Task details:
Go to the line below containing "Hyundai Motors Smart" and print exactly from there through the line containing "Máy câu cá Shimano", both included. Print nothing else.

Data for review:
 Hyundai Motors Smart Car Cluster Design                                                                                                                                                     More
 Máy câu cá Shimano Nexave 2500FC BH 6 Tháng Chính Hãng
==
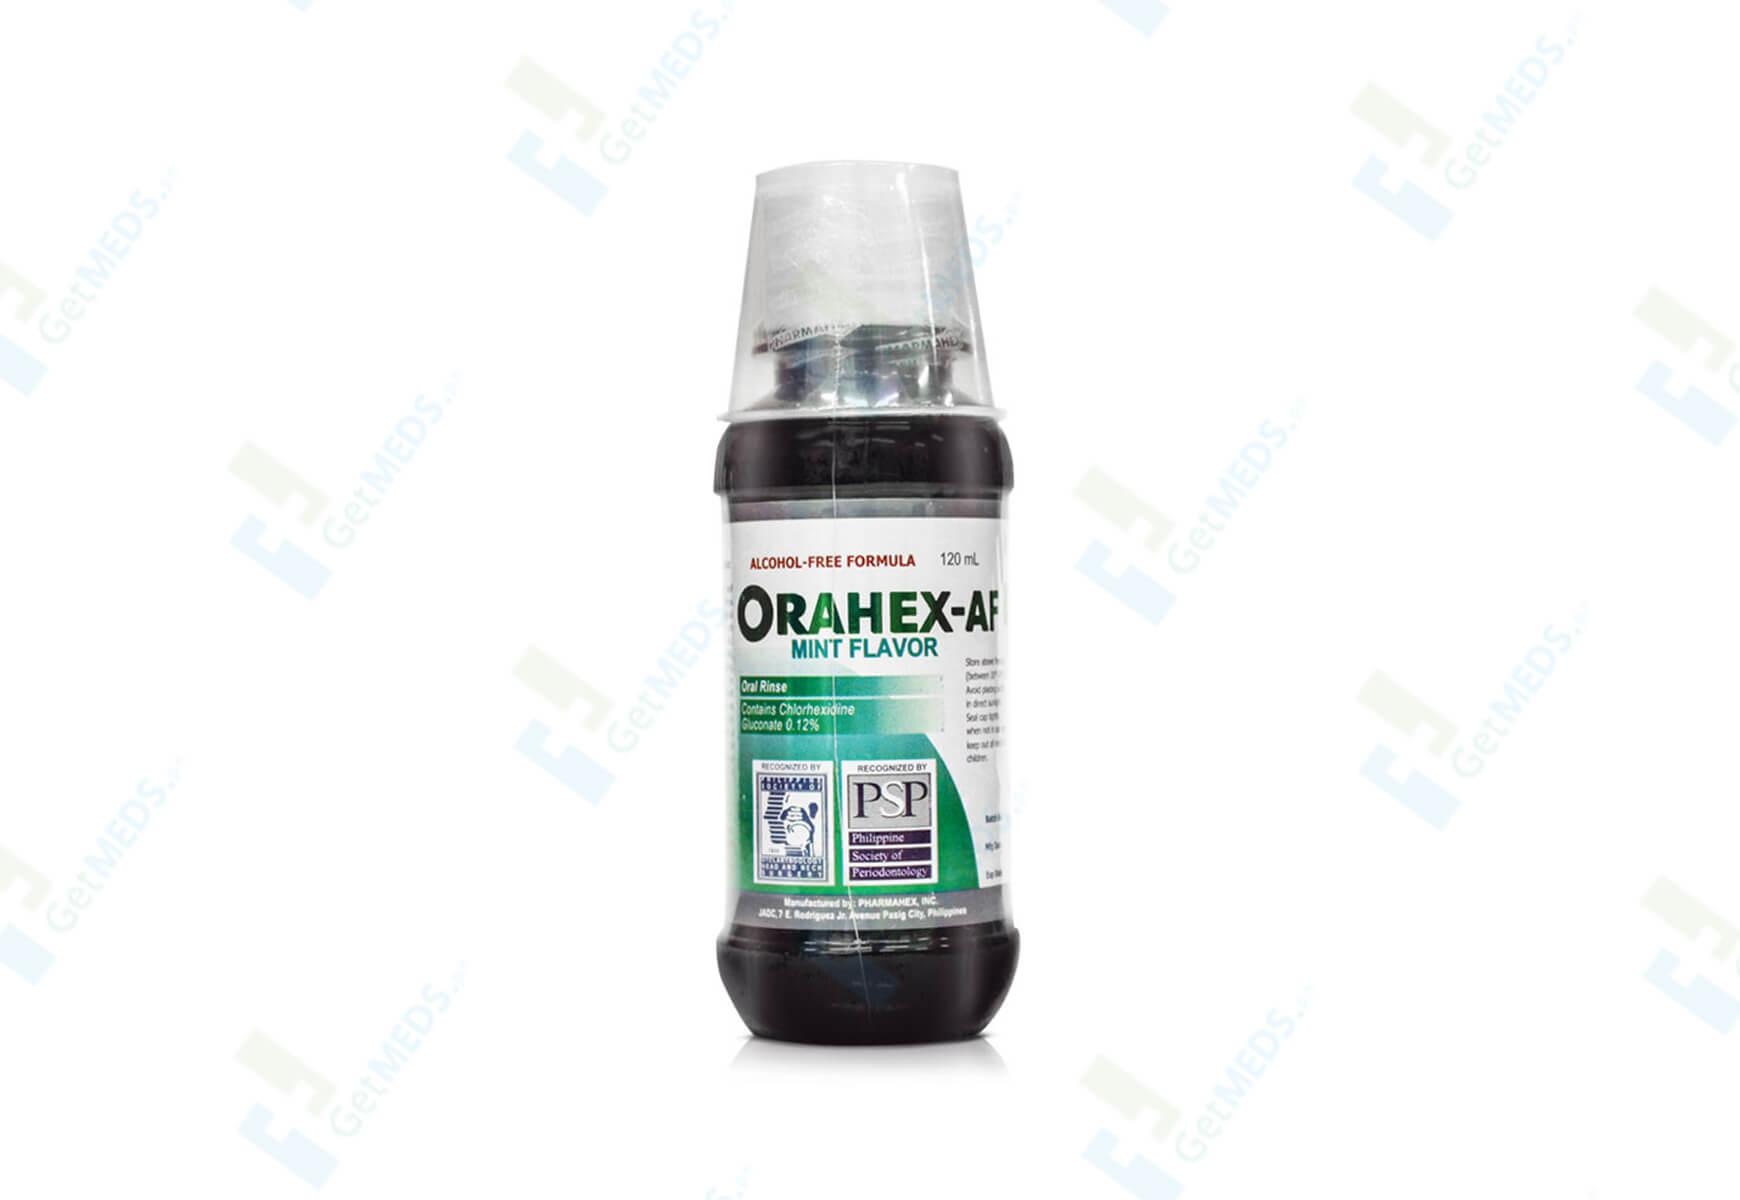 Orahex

Response to the task:
 Hyundai Motors Smart Car Cluster Design                                                                                                                                                     More
 Máy câu cá Shimano Nexave 2500FC BH 6 Tháng Chính Hãng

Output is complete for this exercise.